Supplied material:
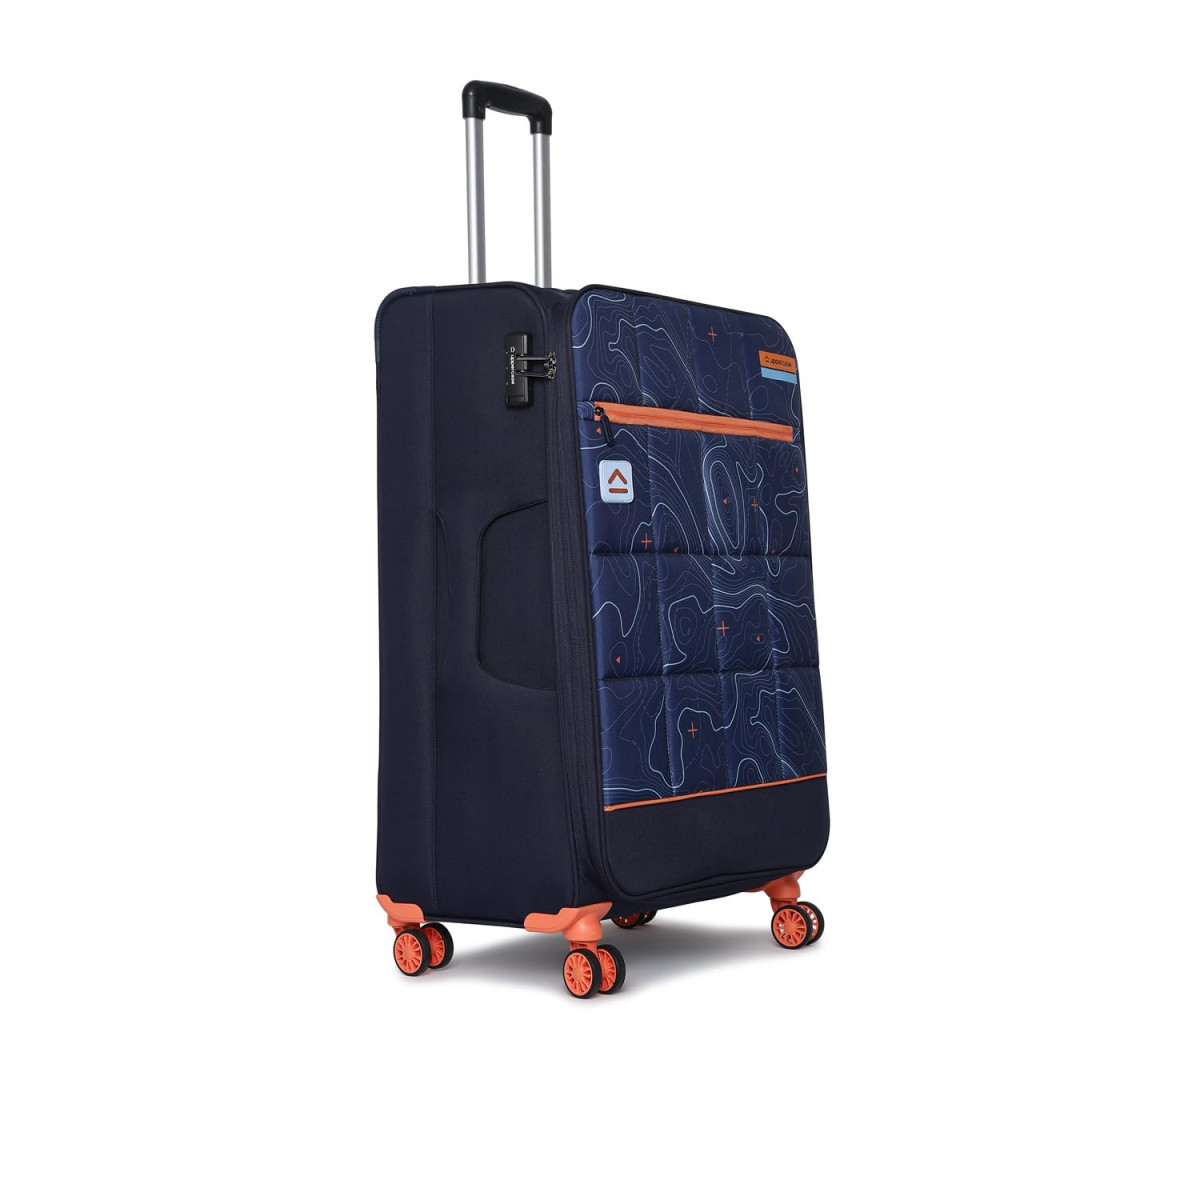 uppercase Topolite Trolley Bag Set Of 3 SML Sustainable Cabin  Check-In Luggage Soft Printed Luggage Combination Lock 8 Wheel Suitcase For Unisex 2500 Days Warranty Blue Polyester Spinner
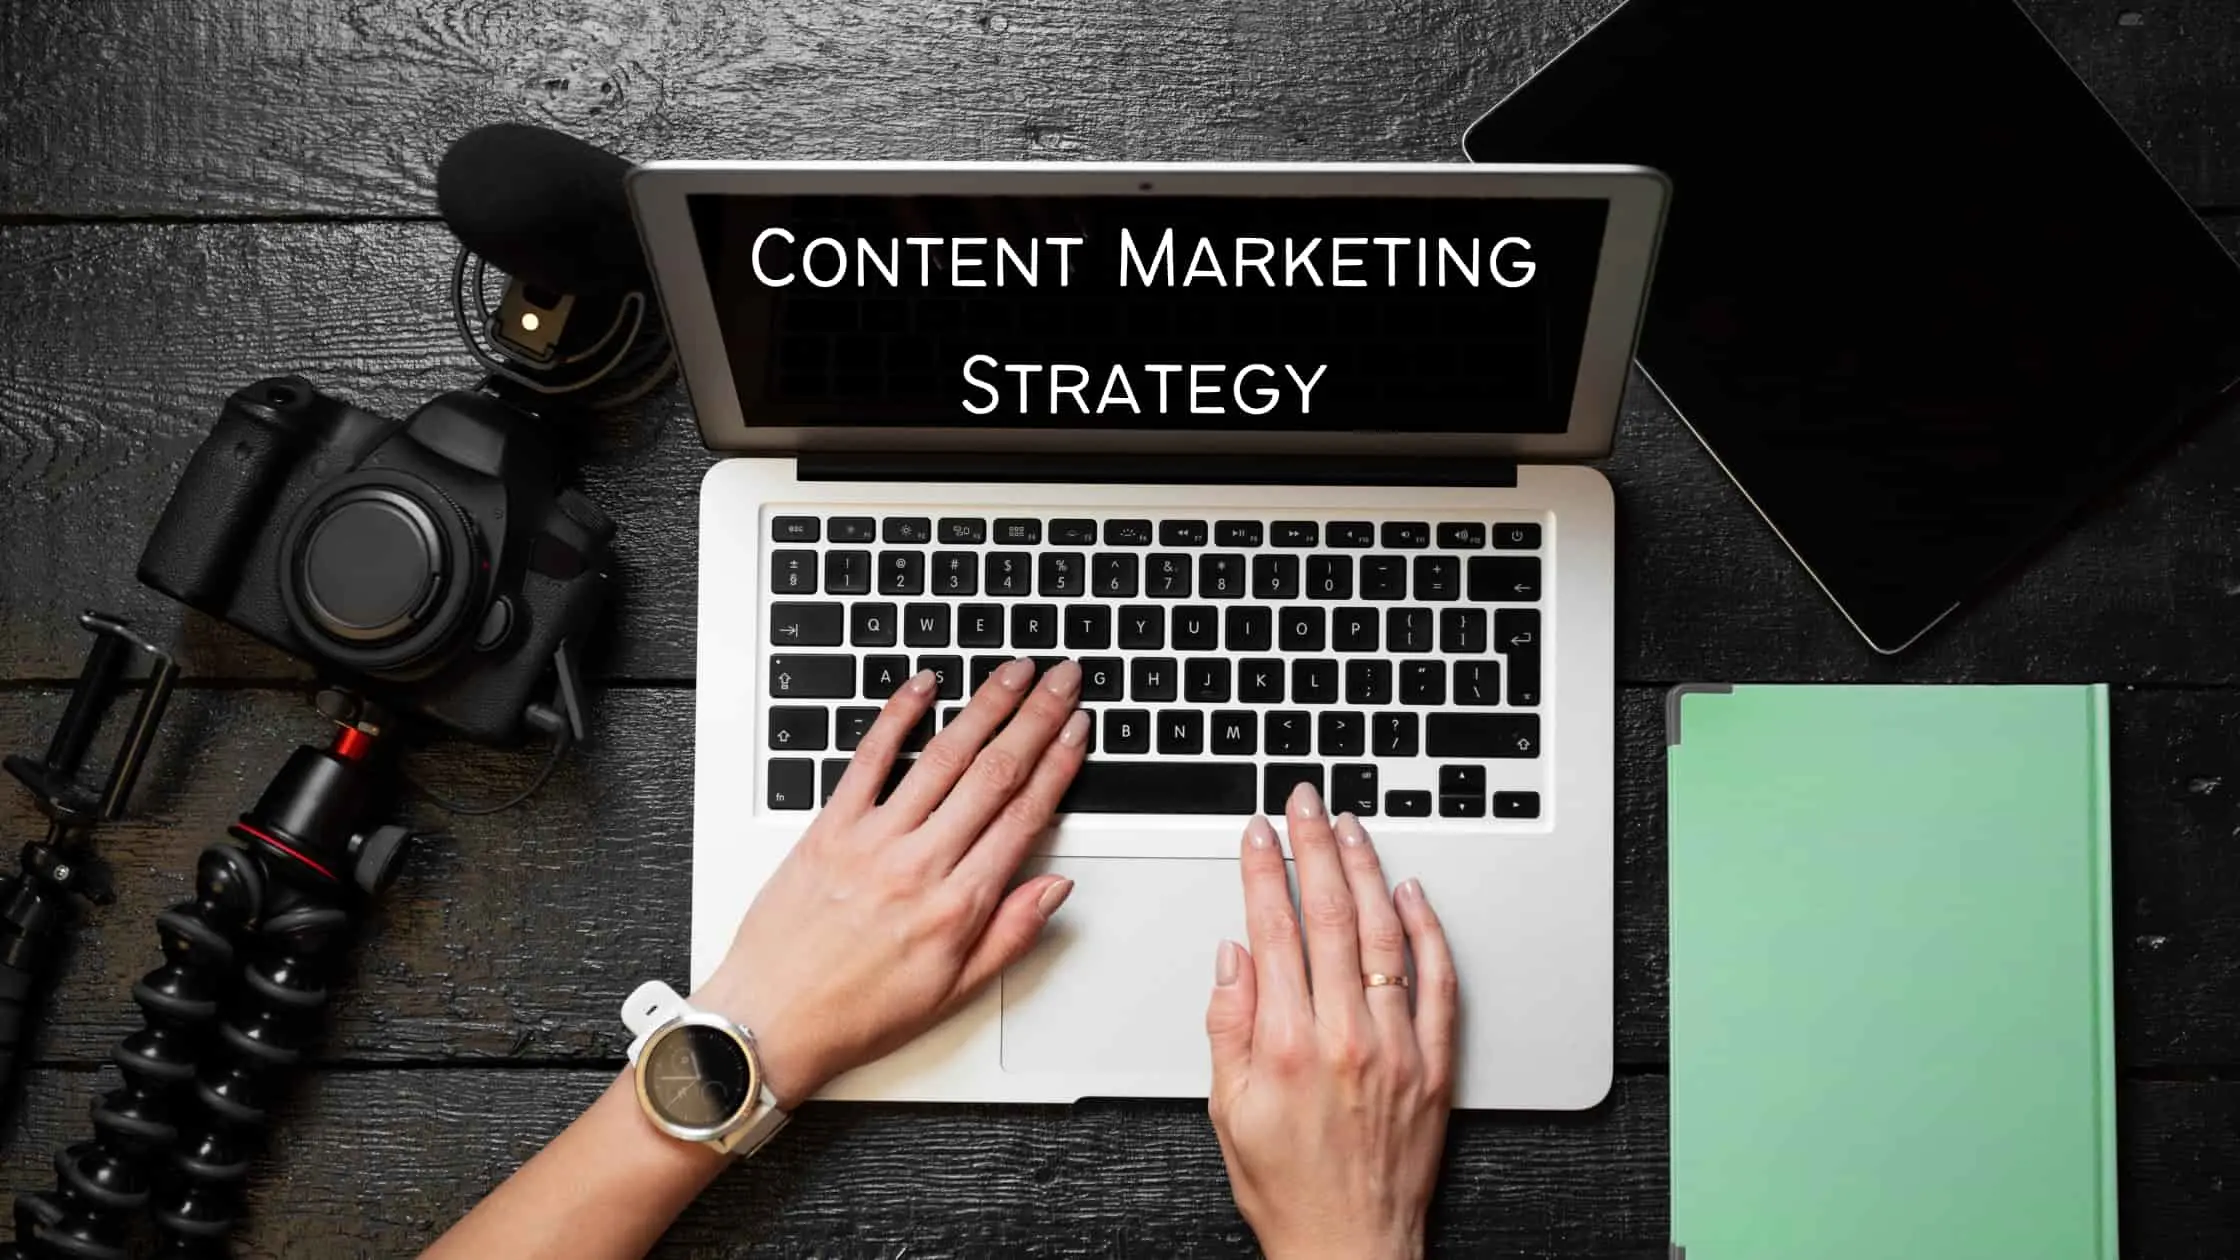 Content marketing strategies for all stages of the B2B buyer journey
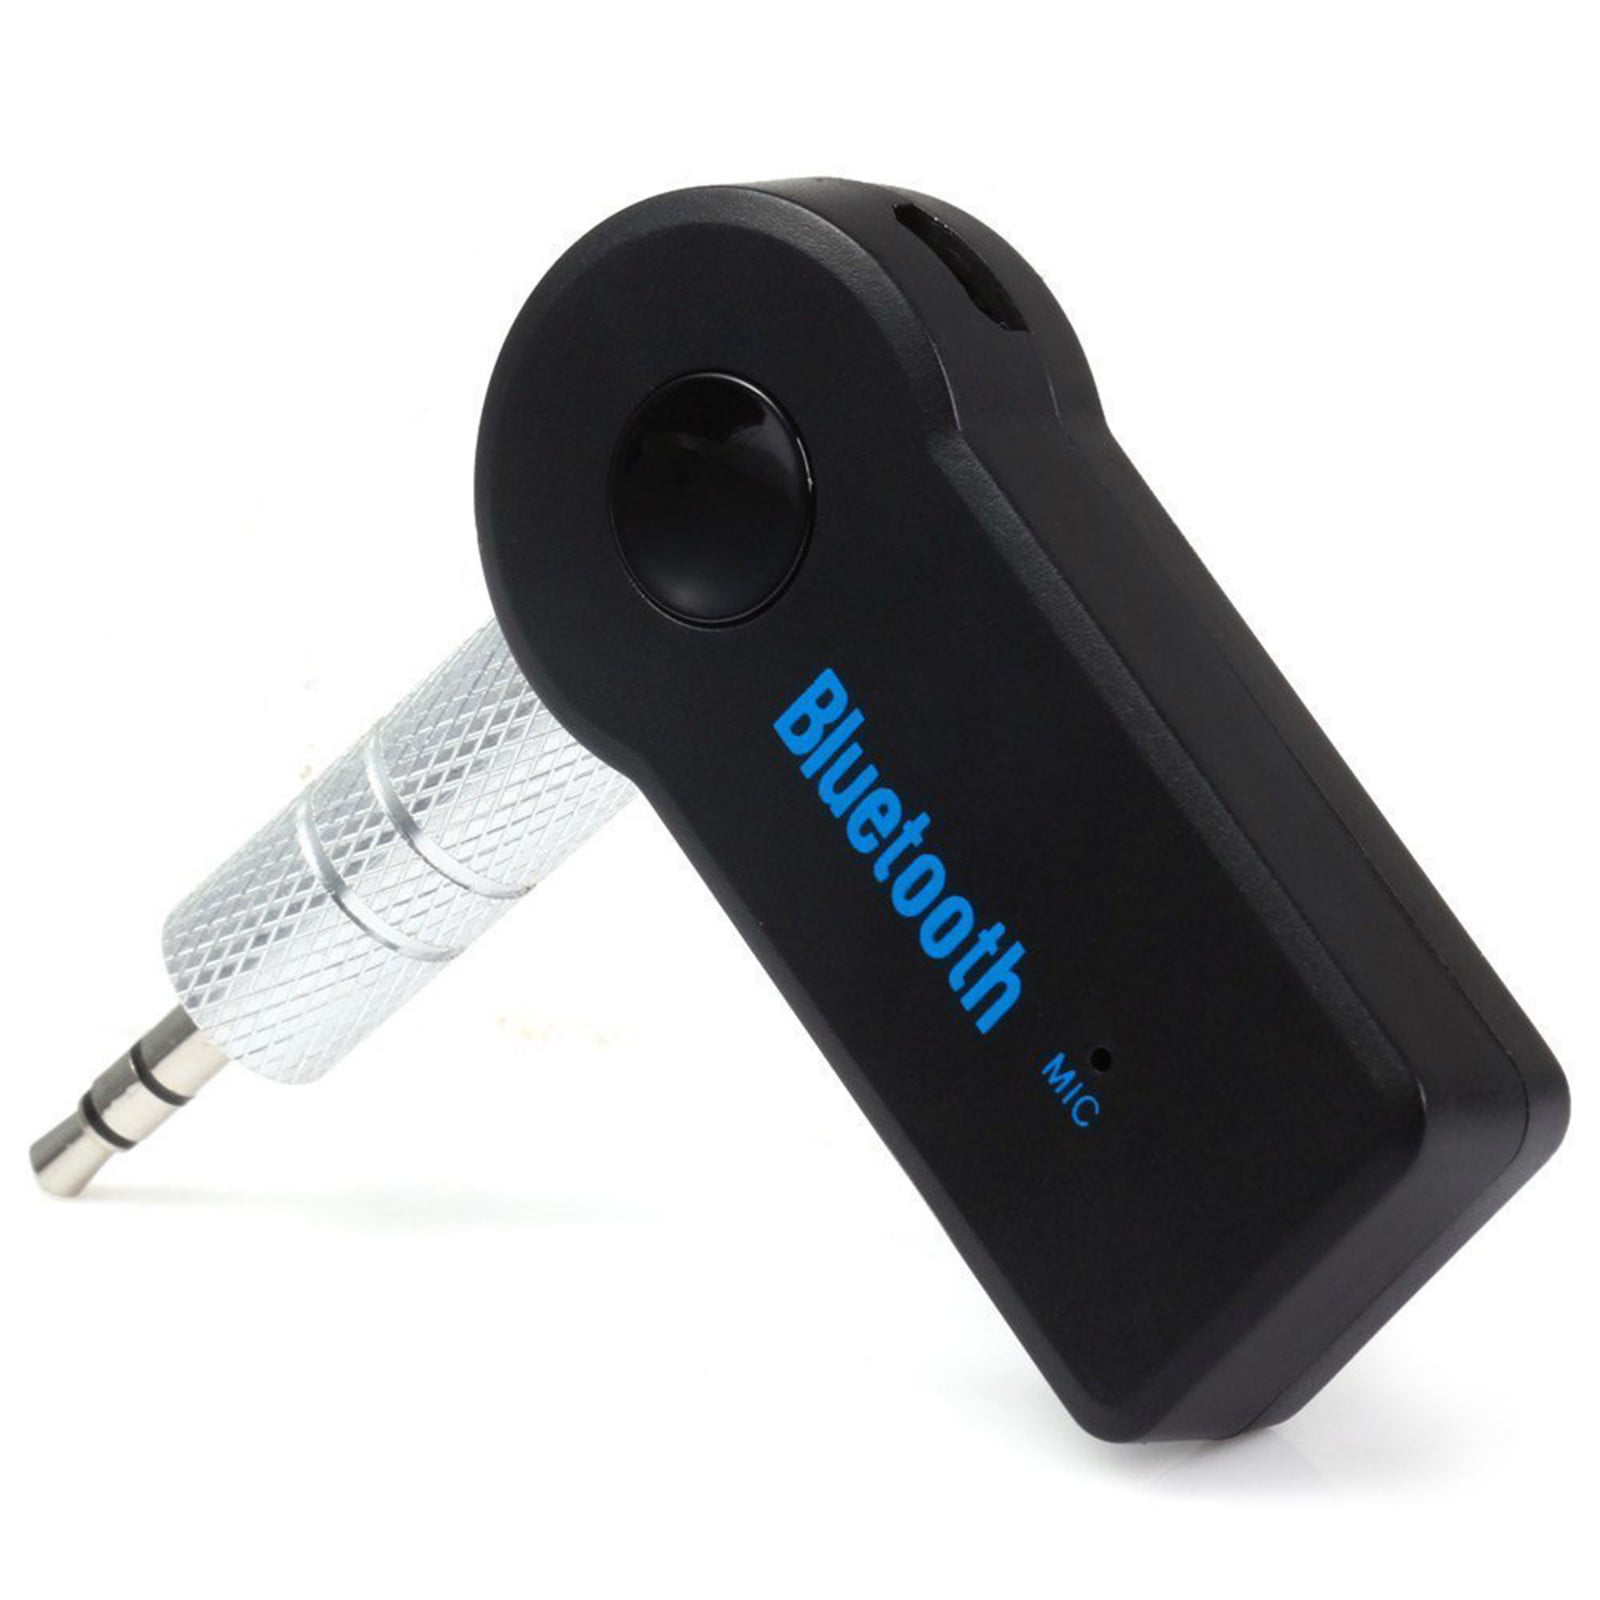 Bluetooth Receiver Wireless Bluetooth 5.0 Receiver Car Bluetooth Adapter Accessory,Hands-Free Car Kit 3.5mm Built-in Microphone Double Connection for Home Audio/Headphone/Car etc-Black

To do: From the first line to the last, retype the material exactly and exclude the pictures.

Problem solution:
 uppercase Topolite Trolley Bag Set Of 3 SML Sustainable Cabin  Check-In Luggage Soft Printed Luggage Combination Lock 8 Wheel Suitcase For Unisex 2500 Days Warranty Blue Polyester Spinner
 Content marketing strategies for all stages of the B2B buyer journey
 Bluetooth Receiver Wireless Bluetooth 5.0 Receiver Car Bluetooth Adapter Accessory,Hands-Free Car Kit 3.5mm Built-in Microphone Double Connection for Home Audio/Headphone/Car etc-Black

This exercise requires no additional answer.